A mitologia brasileira se constrói lentamente. O medo de amar faz o arco dionisíaco ritualizar o novo. A errática musa inspira sonhos proféticos. Cora Coralina viveu praticamente um século inteiro entre os brasileiros em quase absoluto anonimato. Ao final da vida, aos 95 anos de idade, após ser “descoberta” por Carlos Drummond de Andrade, figurava como exemplo de vida e poesia. A força geradora que produziu seus versos arquetipicamente funcionou como a ondulação mais intensa da profética esperança que alimenta o Brasil.
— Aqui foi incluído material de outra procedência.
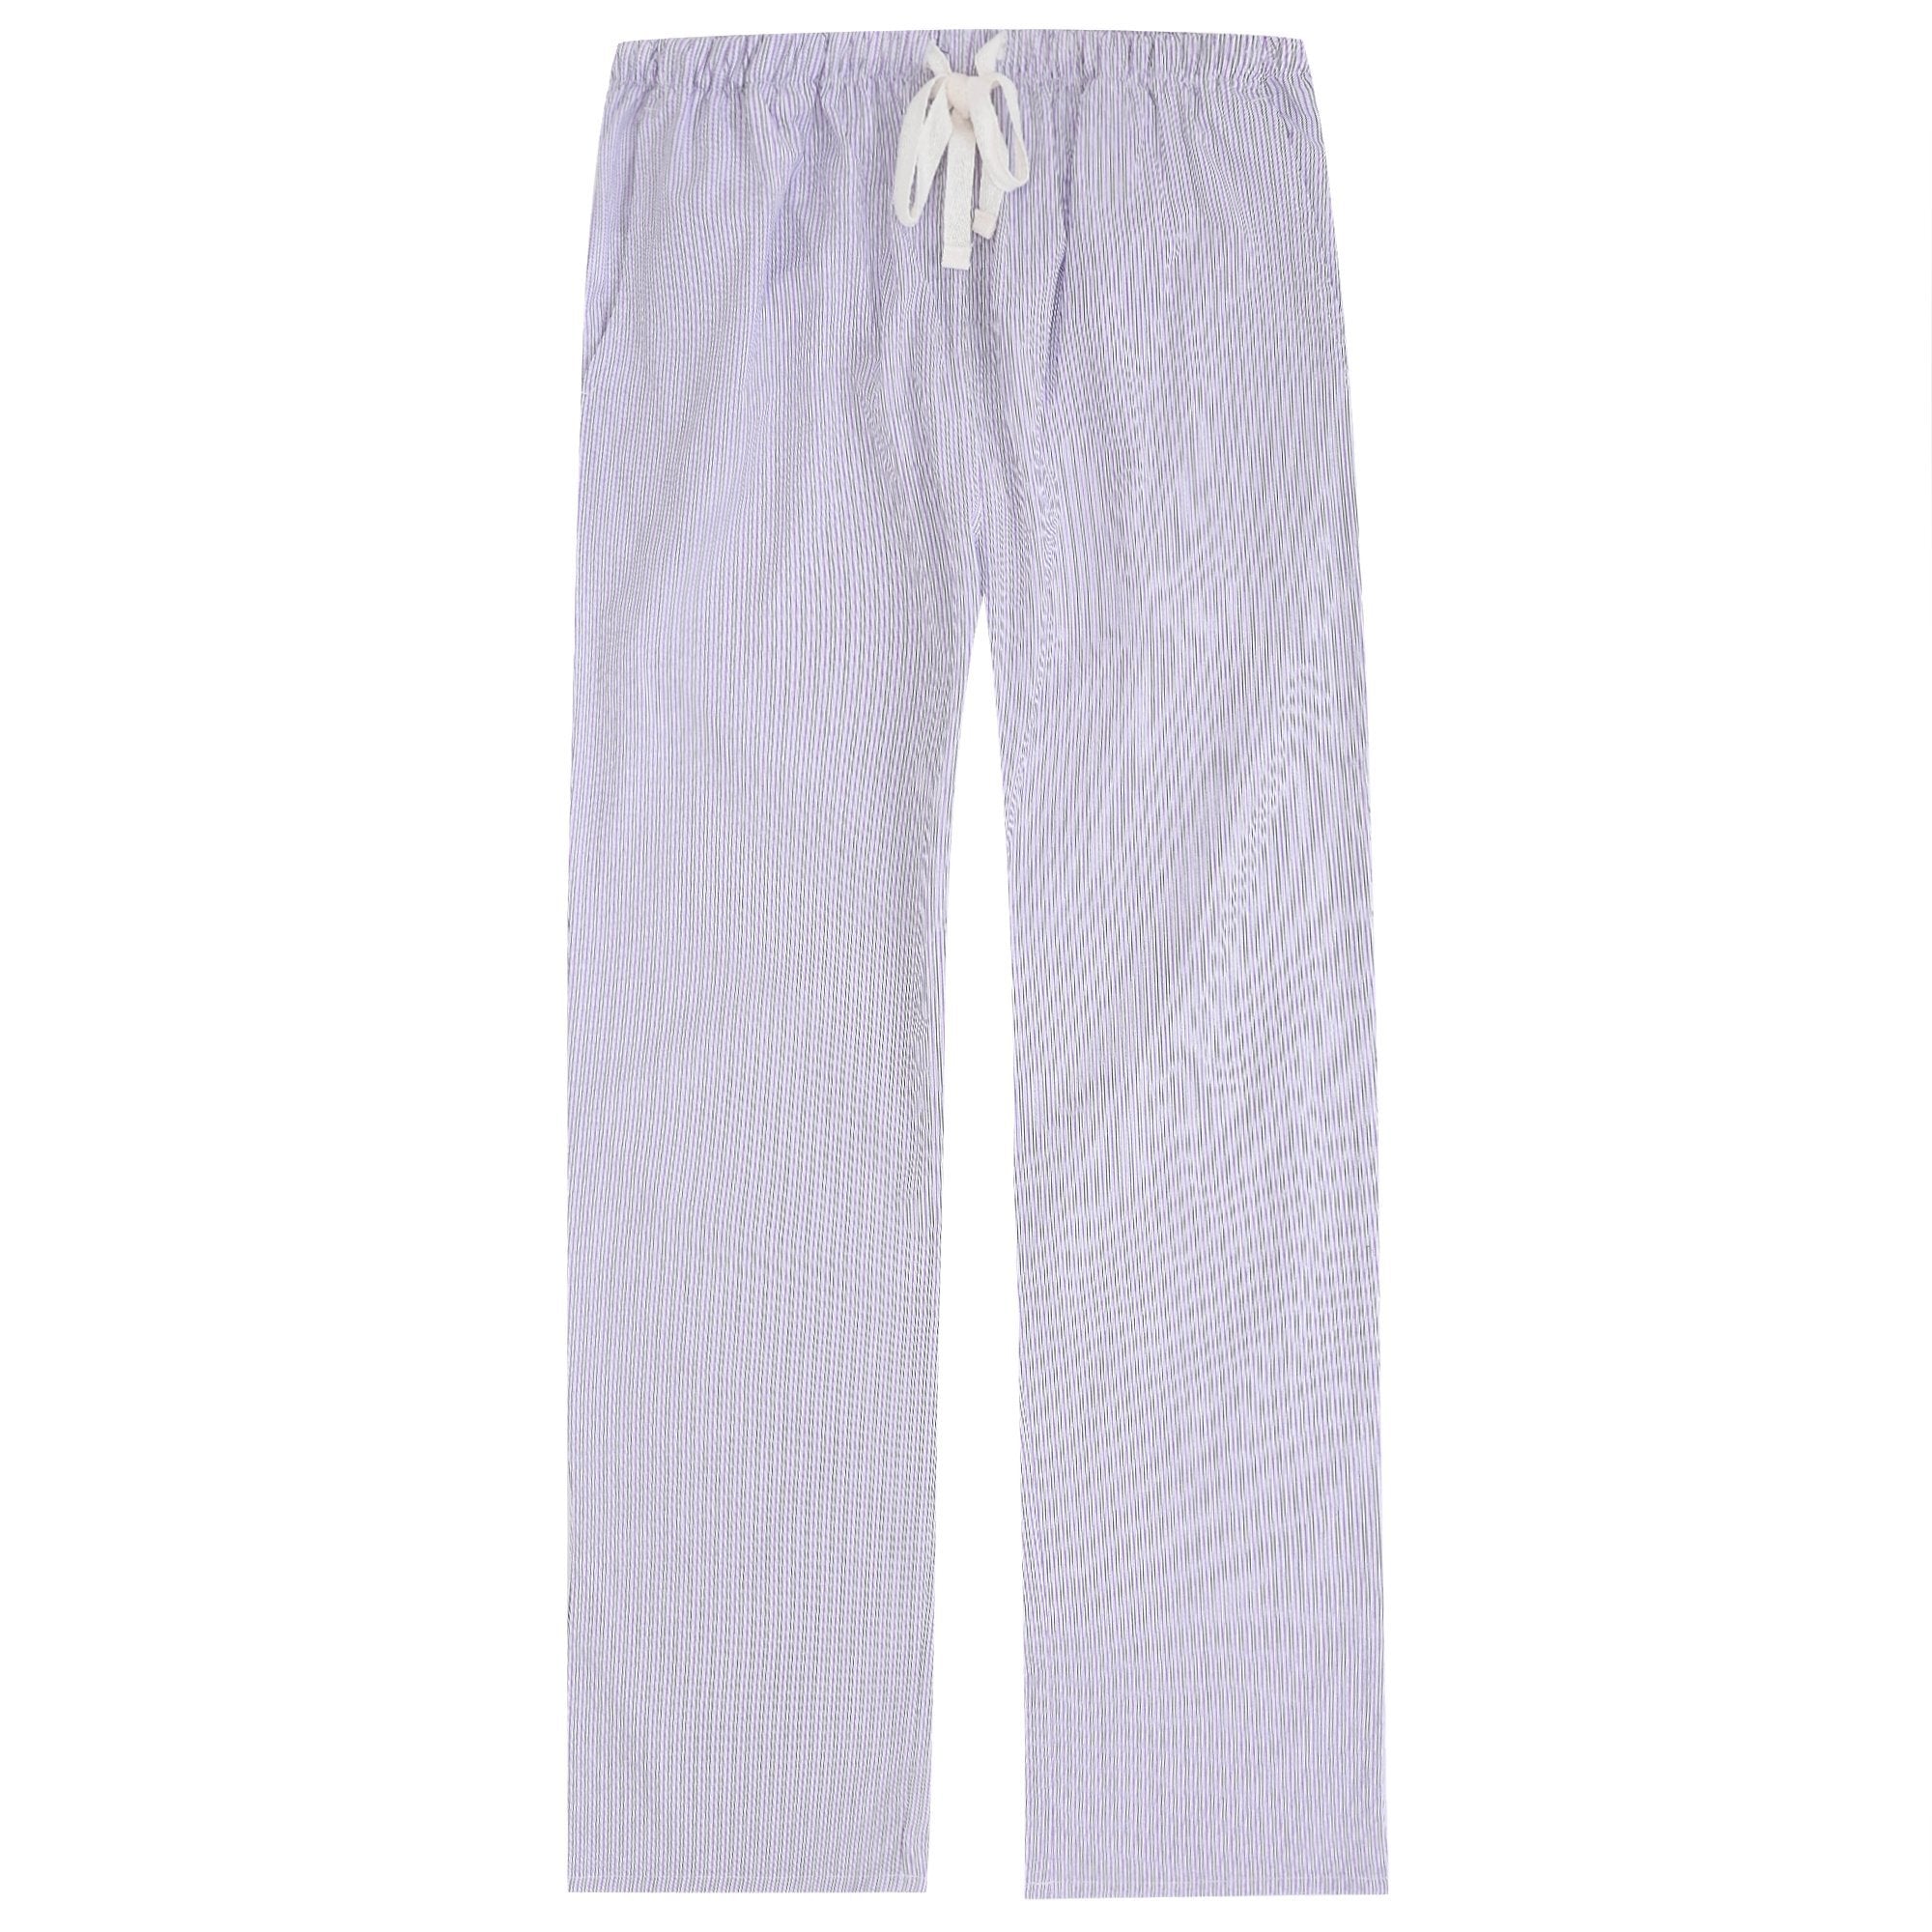 Pajama Pants for Women - 100% Cotton Lounge Pants Women PJ Pants ...

Forçosamente, o mito artisticamente arde intenso onde há sofrimento e dor. A pedra constitui-se em uma das principais figuras poéticas de Cora Coralina. Seu hino materno, entoado como forma ritualística de encarnar o mito da grande mãe universal, fecunda a poderosa lembrança da rua antiga do Brasil. O bondoso olhar de Cora sobre o beco, outra figura determinante em sua poética, reinventa o amor à pátria, na medida em que embeleza a gente herdeira de nossa pobreza ancestral (“No beco da Vila Rica tem / velhos monturos, / coletivos, consolidados, / onde crescem boninas perfurmadas”).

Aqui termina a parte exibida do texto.